When you transcribe the listing that follows, keep every line exact and skip any picture.

- _PROVIDED DATA_:

== Segment start ==

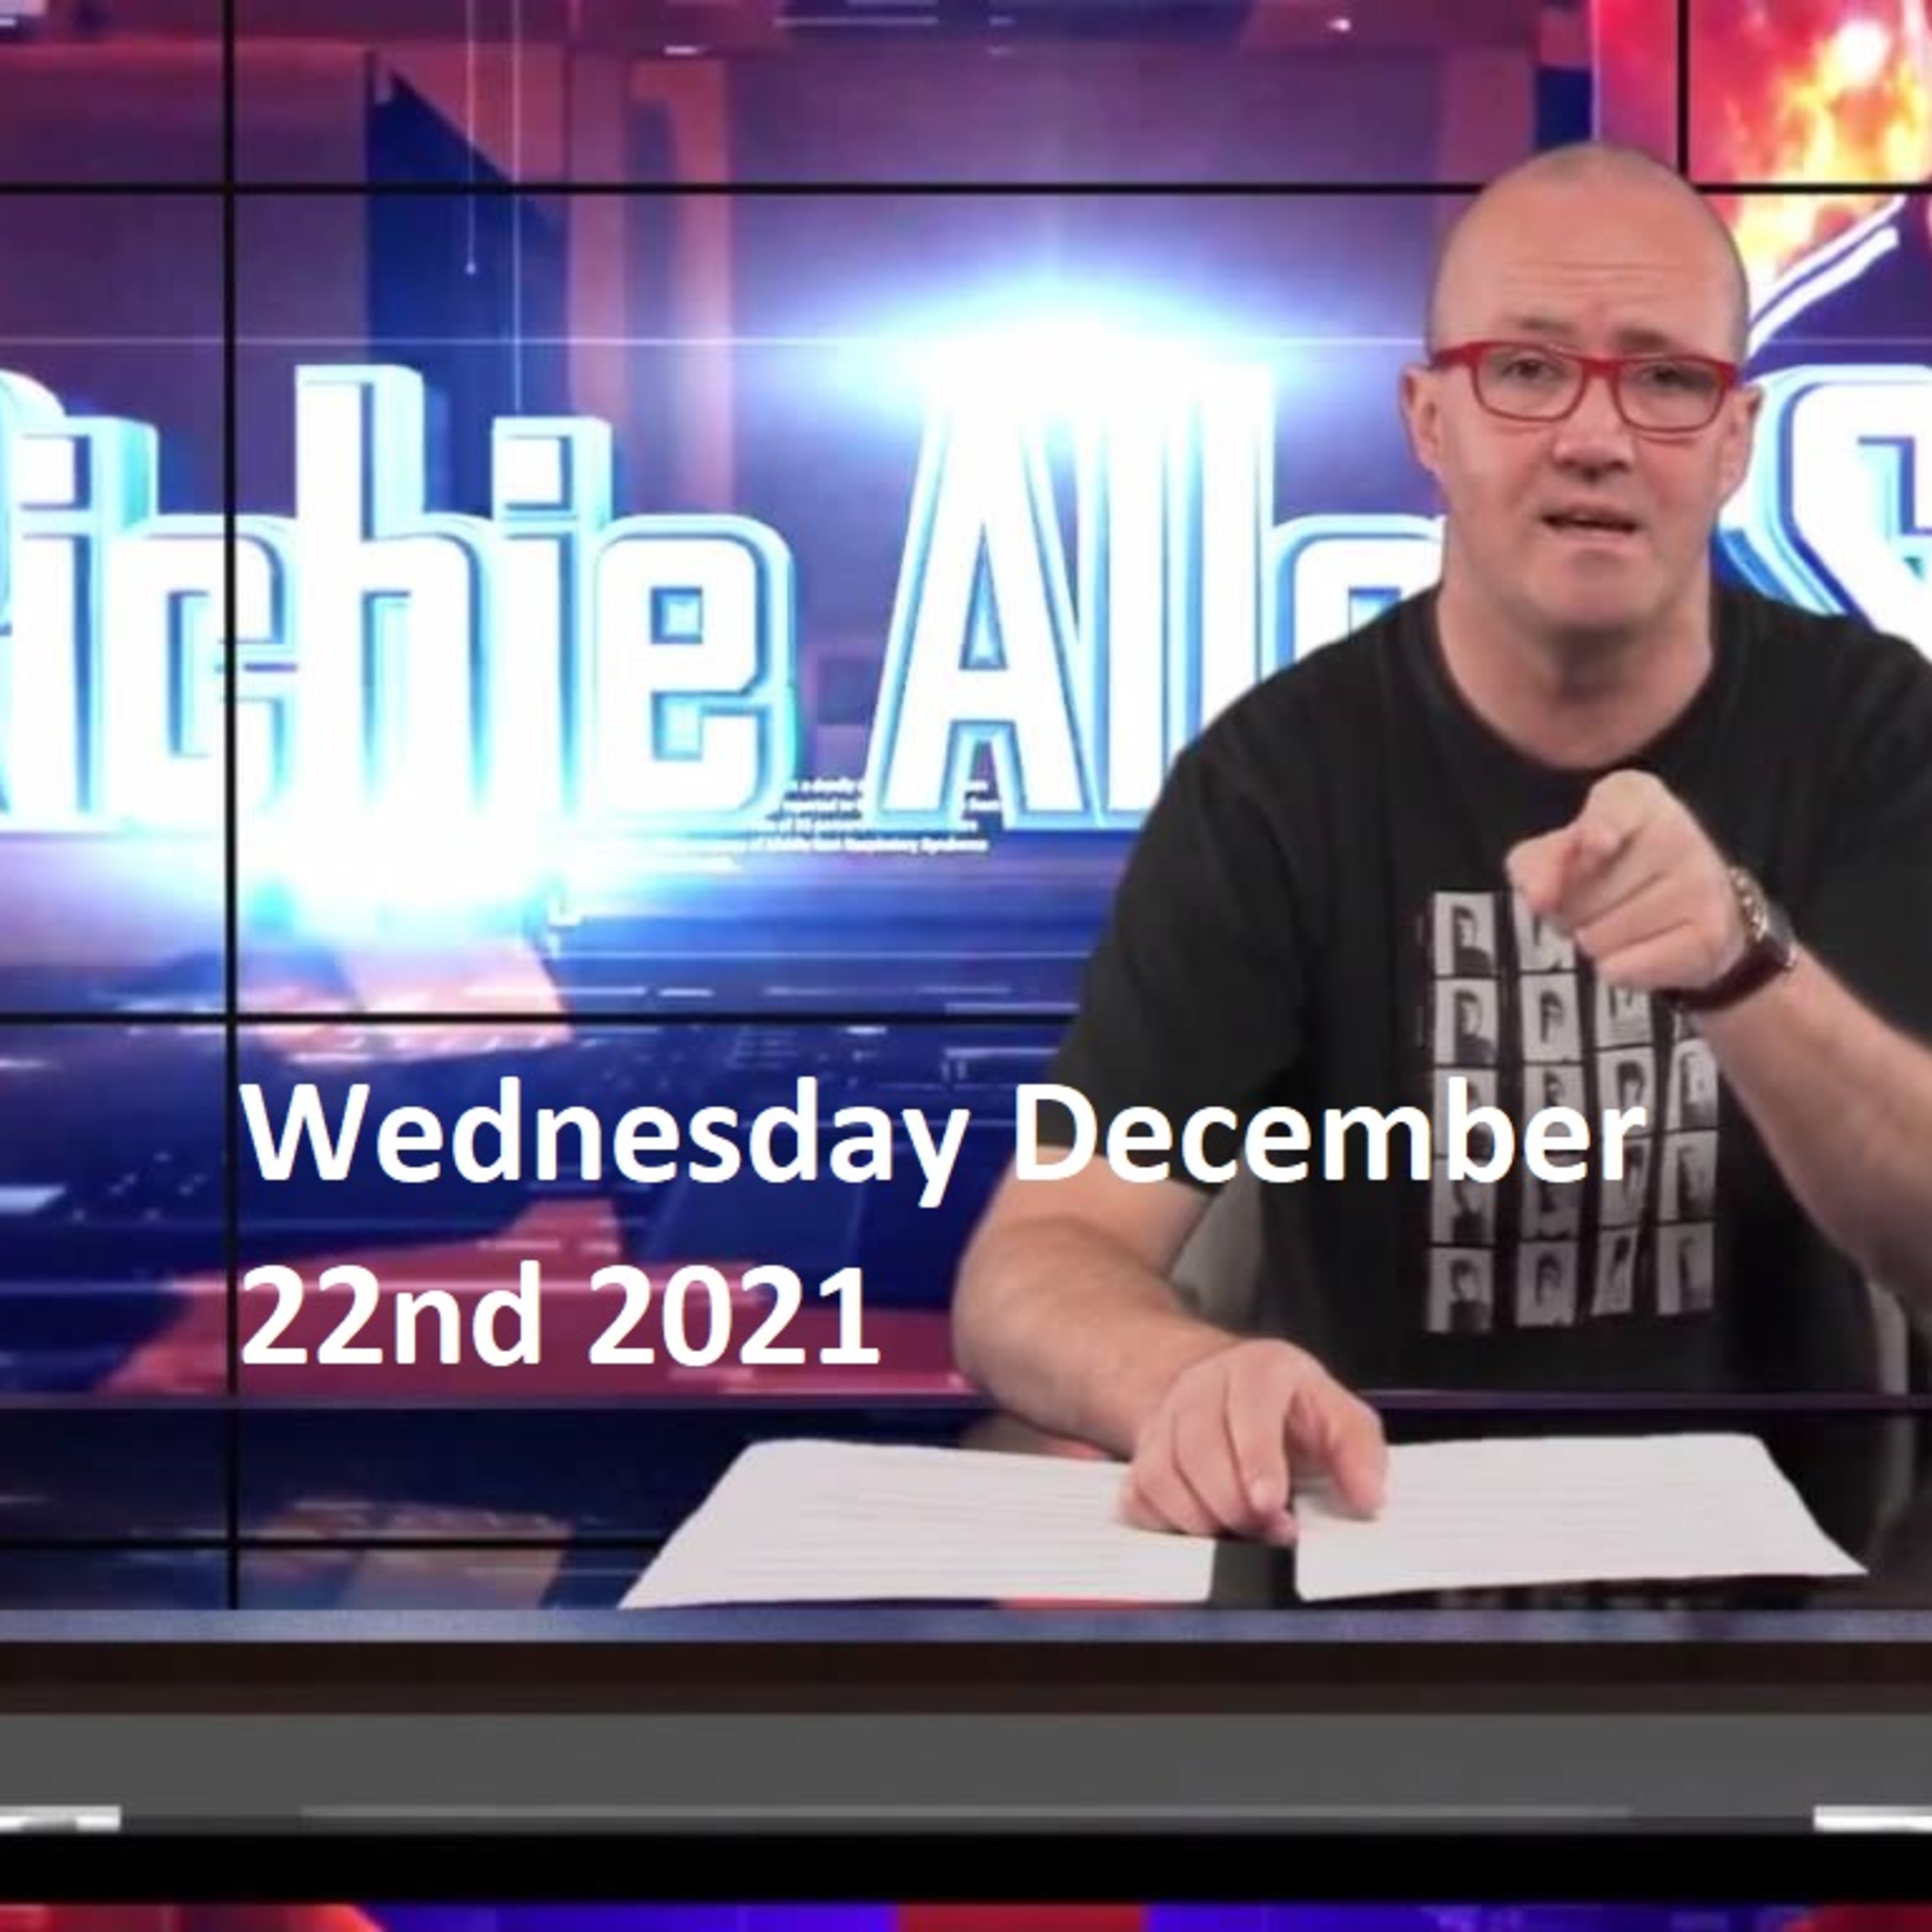 Episode 1384: The Richie Allen Show Wednesday December 22nd 2021
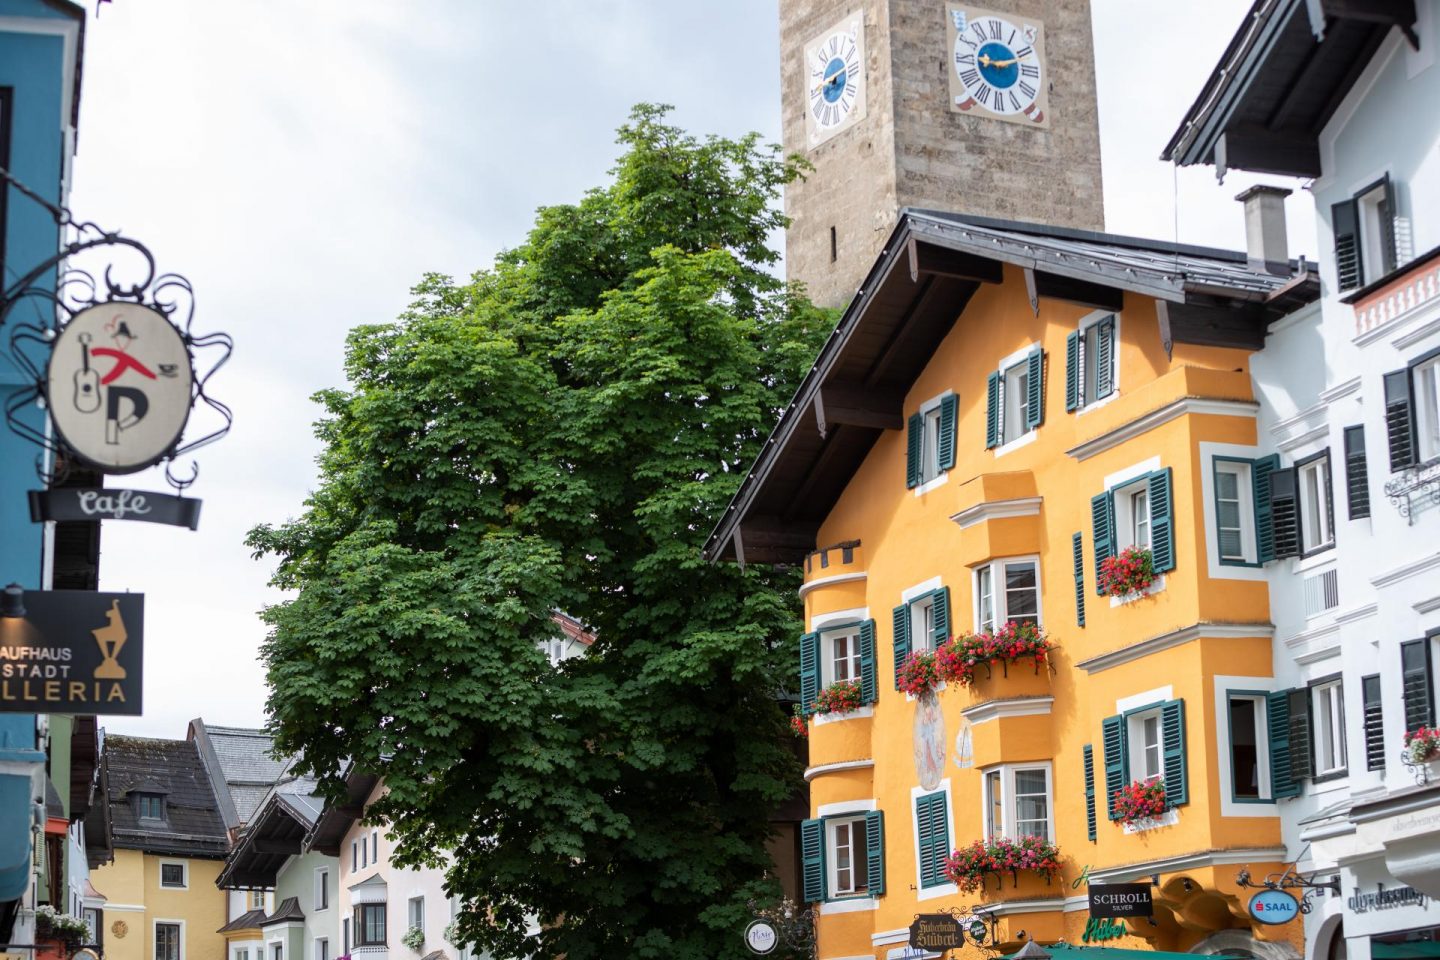 Guide to Kitzbühel, Austrian Alps | Summer Adventures in Kitzbühel Tyrol
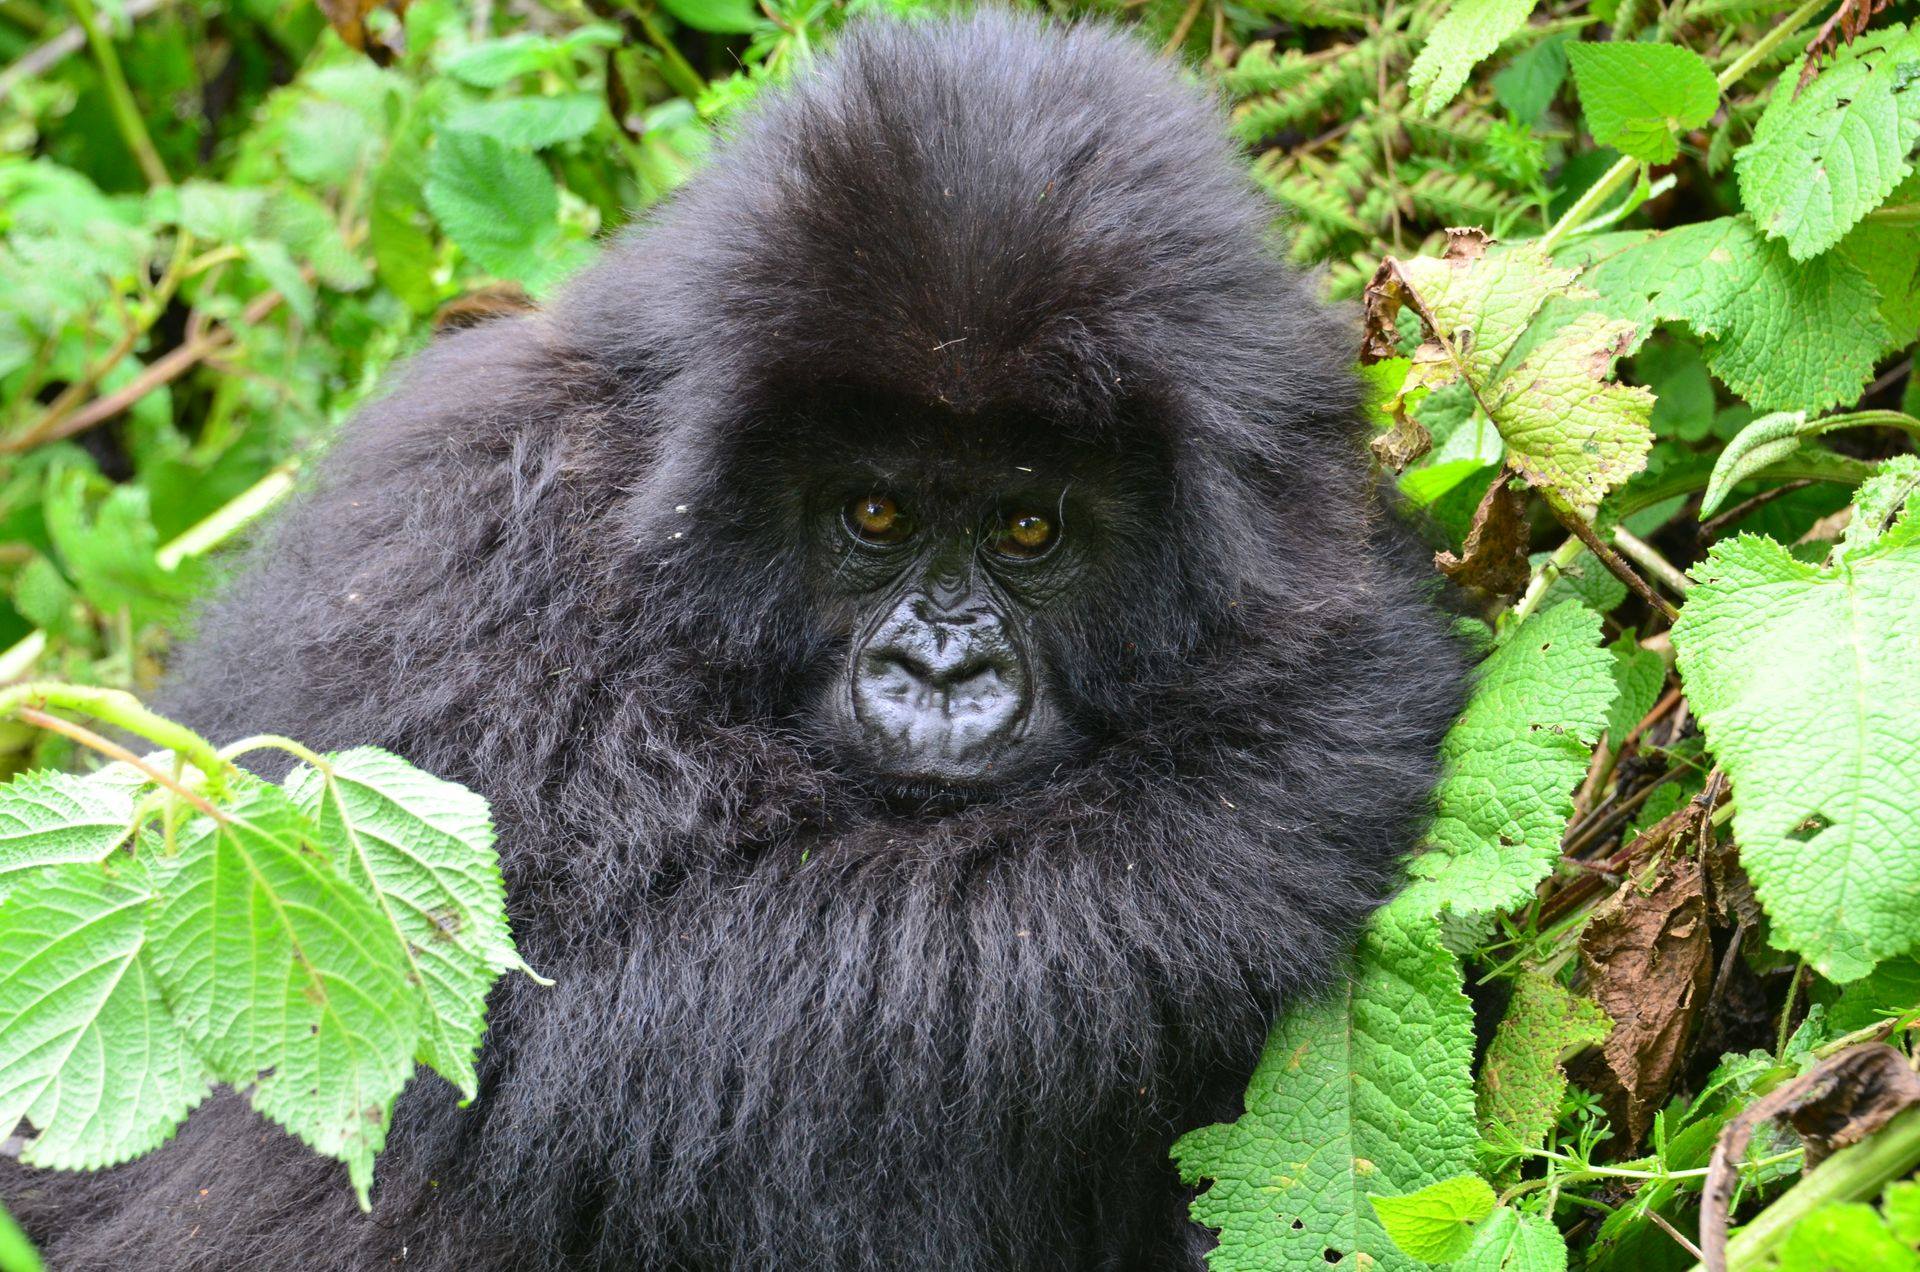 What is the minimum age for gorilla trekking in Uganda?

== Segment end ==

- _TASK ANSWER_:
 Episode 1384: The Richie Allen Show Wednesday December 22nd 2021
 Guide to Kitzbühel, Austrian Alps | Summer Adventures in Kitzbühel Tyrol
 What is the minimum age for gorilla trekking in Uganda?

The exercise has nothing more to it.